Martinez, Manuel Luis. 2003. Countering the Counterculture: Rereading Postwar American Dissent from Jack Kerouac to Tomas Rivera. Madison: University of Wisconsin Press. $24.95 sc. 360 pp.
While the Beats' contemporaries generally dismissed them as "knownothing" bohemians and "bewildered internal cosmonauts," scholarly interest in the Beat Generation has increased dramatically over the past two decades (Podhoretz 1958, 307, Fiedler 1971, 399). The principal Beat writers-Jack Kerouac, Alien Ginsberg, and William Burroughs-are now widely recognized countercultural heroes whose works are routinely discussed in university classrooms and academic journals. Jennie Skerl's anthology, Reconstructing the Beats, and Manuel Luis Martine/'s Countering the Counterculture: Rereading Postwar American Dissent from Jack Kerouac to Tomas Rivera both contribute to this Beat revival by attempting to map "new directions for criticism and teaching at the beginning of the twenty-first century" (Skerl 2004,2). But what new directions should Beat scholarship pursue, and what is at stake in these attempts to reconstruct new paradigms for Beat studies?

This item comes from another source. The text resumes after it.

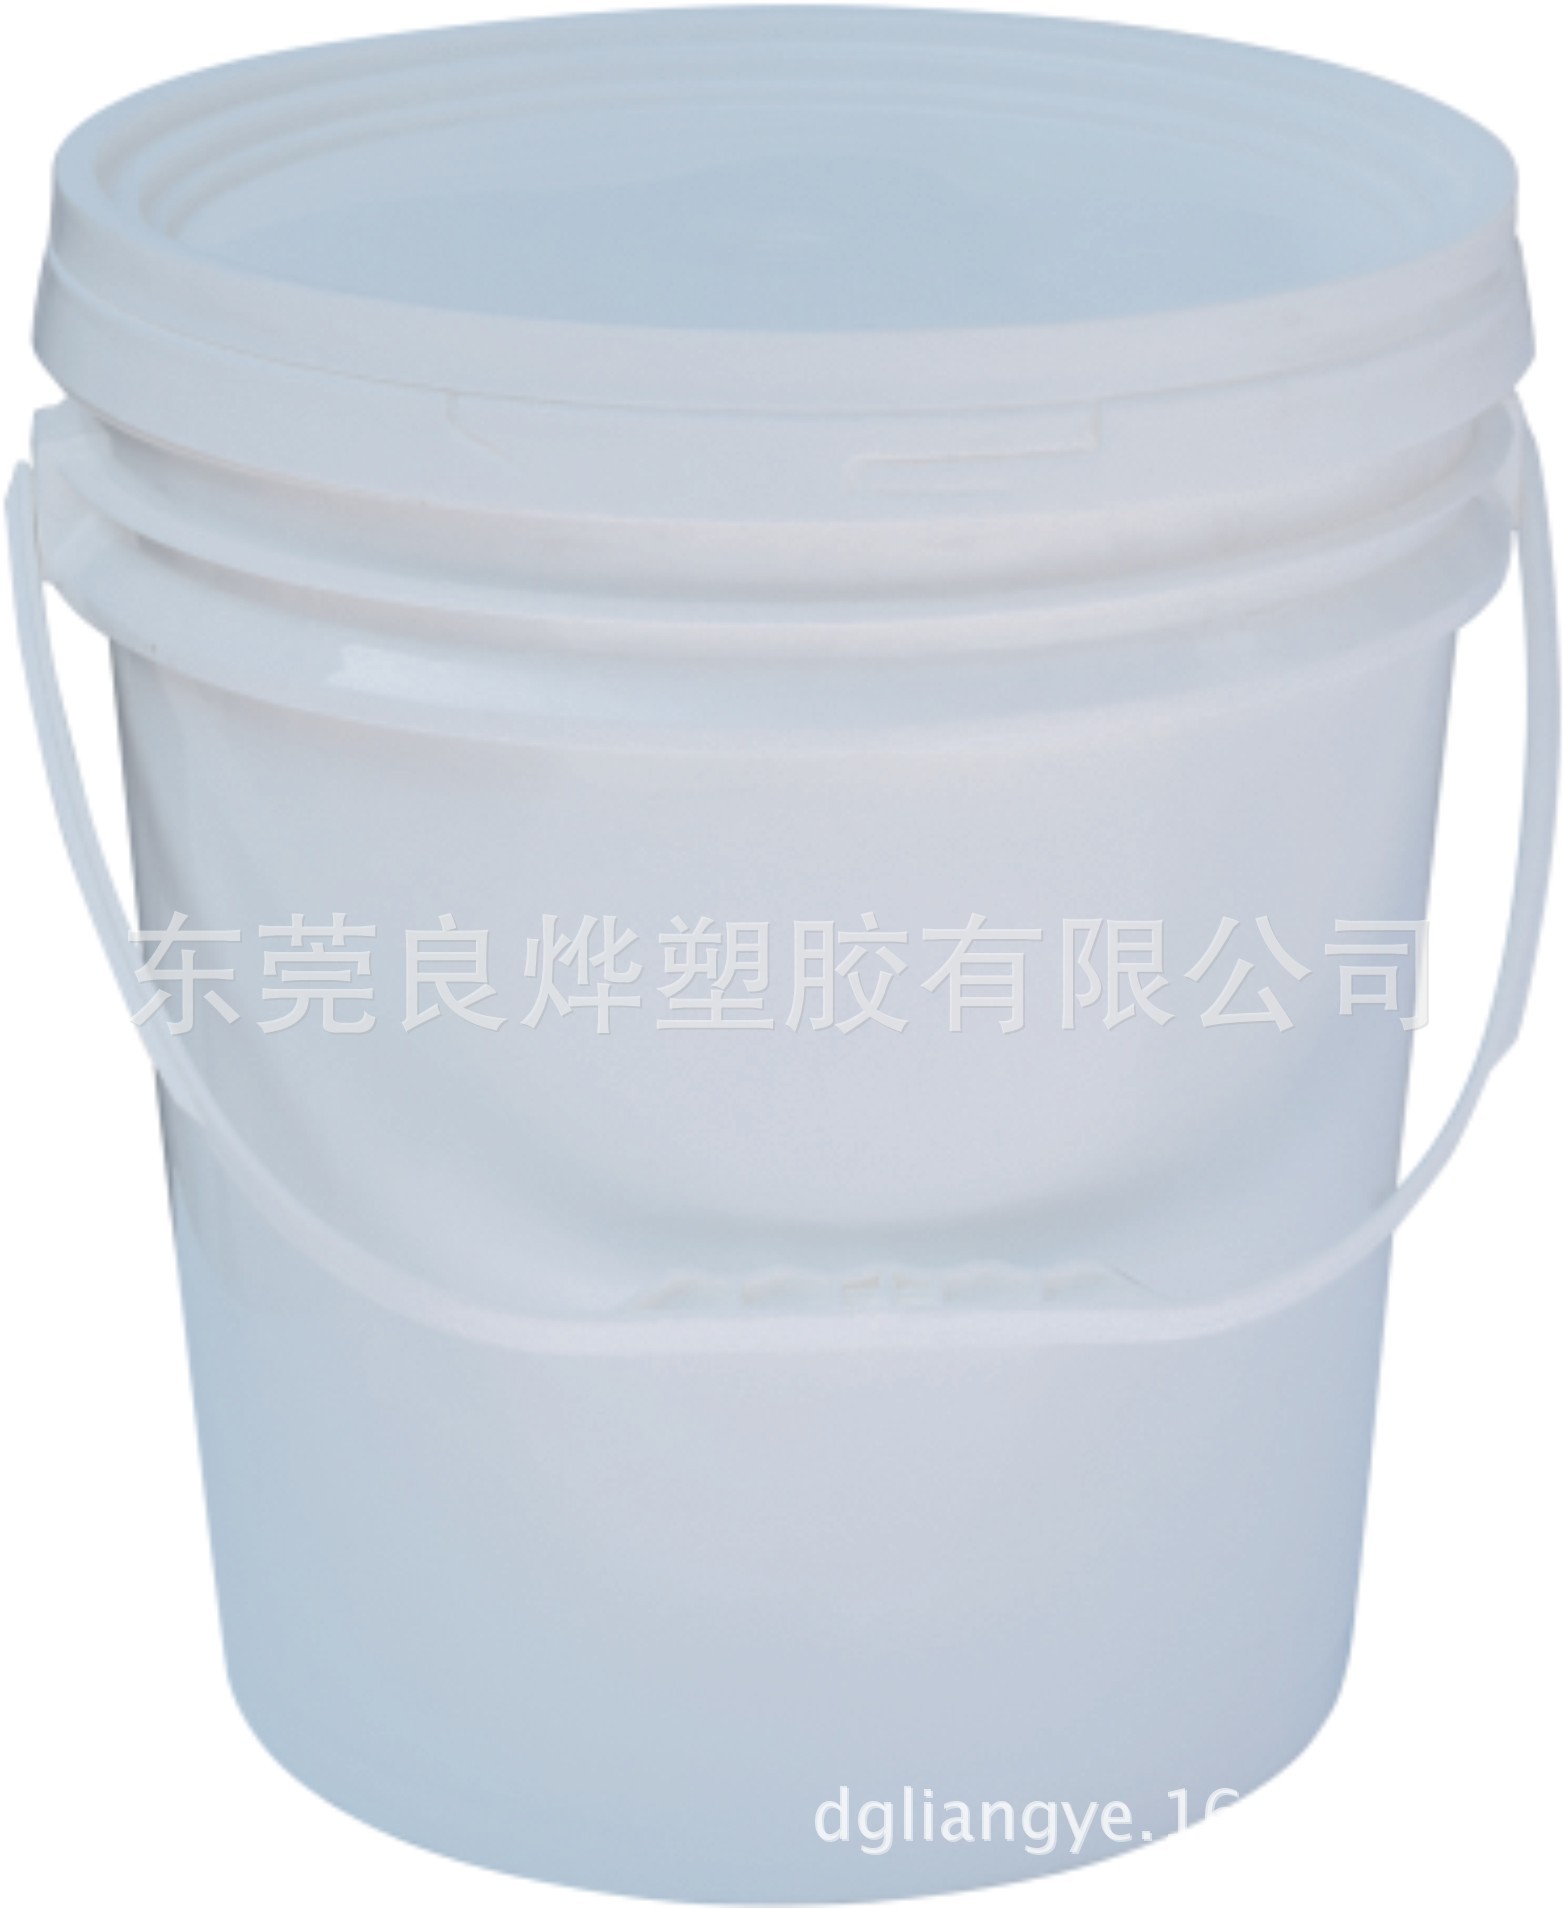 东莞市供应硅胶包装桶厂家16L硅胶包装桶 耐用粘和剂 电子材料包装桶选择门道 供应硅胶包装桶

In the broadest sense, Skerl and Martinez's works share several common theoretical assumptions that have guided recent Beat scholarship. Skerl argues that her anthology pursues two primary goals: it attempts to "re-historicize, re-contextualize, and reinterpret" the principal Beat writers-Kerouac, Ginsberg, and Burroughs-from new theoretical perspectives; and it also seeks to "recover marginalized figures" and expand the "restricted (white male) canon" beyond "a few legendary figures" (2004, 2). On the surface, Martinez's Countering the Counterculture seems to pursue a similar critical agenda with its first half analyzing how the major Beat writers responded to the "advent of conformist and corporate culture in the United States," while its second half explores how Chicano and Mexican American migrant writers "participate [dl equally and fully in the production" of post World War II American culture (2003, 14-15, 18).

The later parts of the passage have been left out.